Title: Data Analysis – Data Preparation
Next Session: will be announced soon
Target group: Intermediate to advanced knowledge on Python, basic knowledge on Pandas
Language: German
Format: Tutorial, hybrid
The term Data Analysis or Data Mining describes the systematic application of statistical methods to identify structures, dependencies, and relationships in sometimes very large data sets and to gain new knowledge from them. Computer-aided methods are used in the individual process steps of Data Mining. The content and scope of the respective steps depend, among other things, on the problem domain, the analysis goal, and other technical aspects like the available data sources or the representation of the data.

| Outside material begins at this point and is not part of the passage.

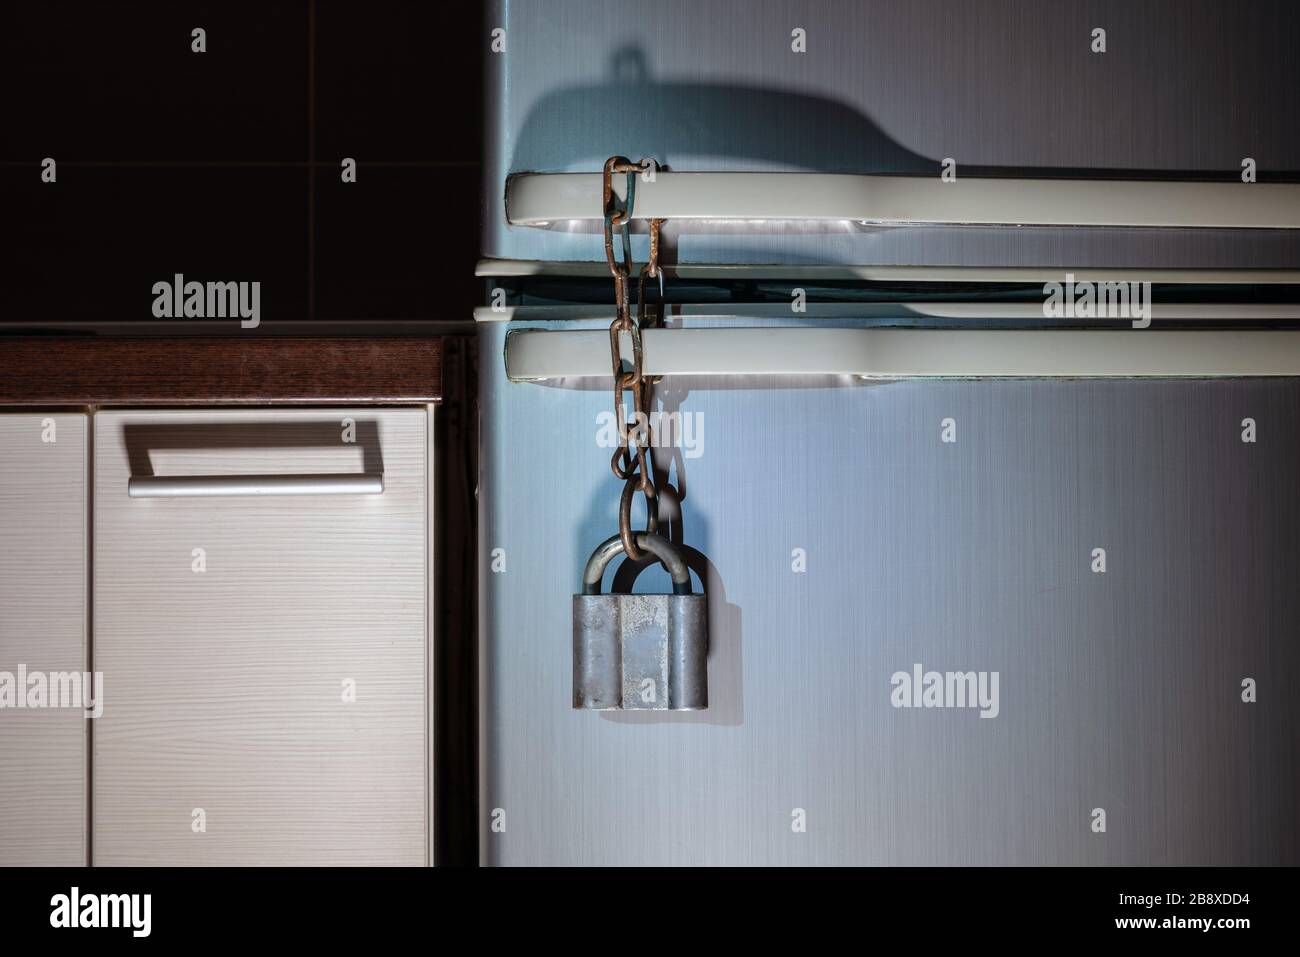 Verrouiller le frigo Banque de photographies et d'images à haute résolution  - Alamy

A relevant process step is the preprocessing of these data (data preparation) to increase their quality for the subsequent analysis. In this training, various aspects of the Data Mining process and data preparation will be examined theoretically as well as practically using an example data set and working through prepared Jupyter notebooks. The restructuring and indexing of the data, the handling of missing values and outliers as well as a final comparison of the analysis results based on different variants of preprocessing will be considered.
The following documents (slides, example applications) will be provided to the participants:
Participants should have at least intermediate up to advanced knowledge in Python 3.x. Furthermore, basic knowledge of Python libraries Pandas and Numpy is recommended. If these are not available, a previous visit to the Pandas tutorial is recommended.
Furthermore, participants are expected to have a basic knowledge of Jupyter notebook.
After the training, participants will be familiar with theoretical considerations and practical approaches to data preparation in the Data Mining process selected by the trainees – using Python with Pandas, Numpy and other libraries.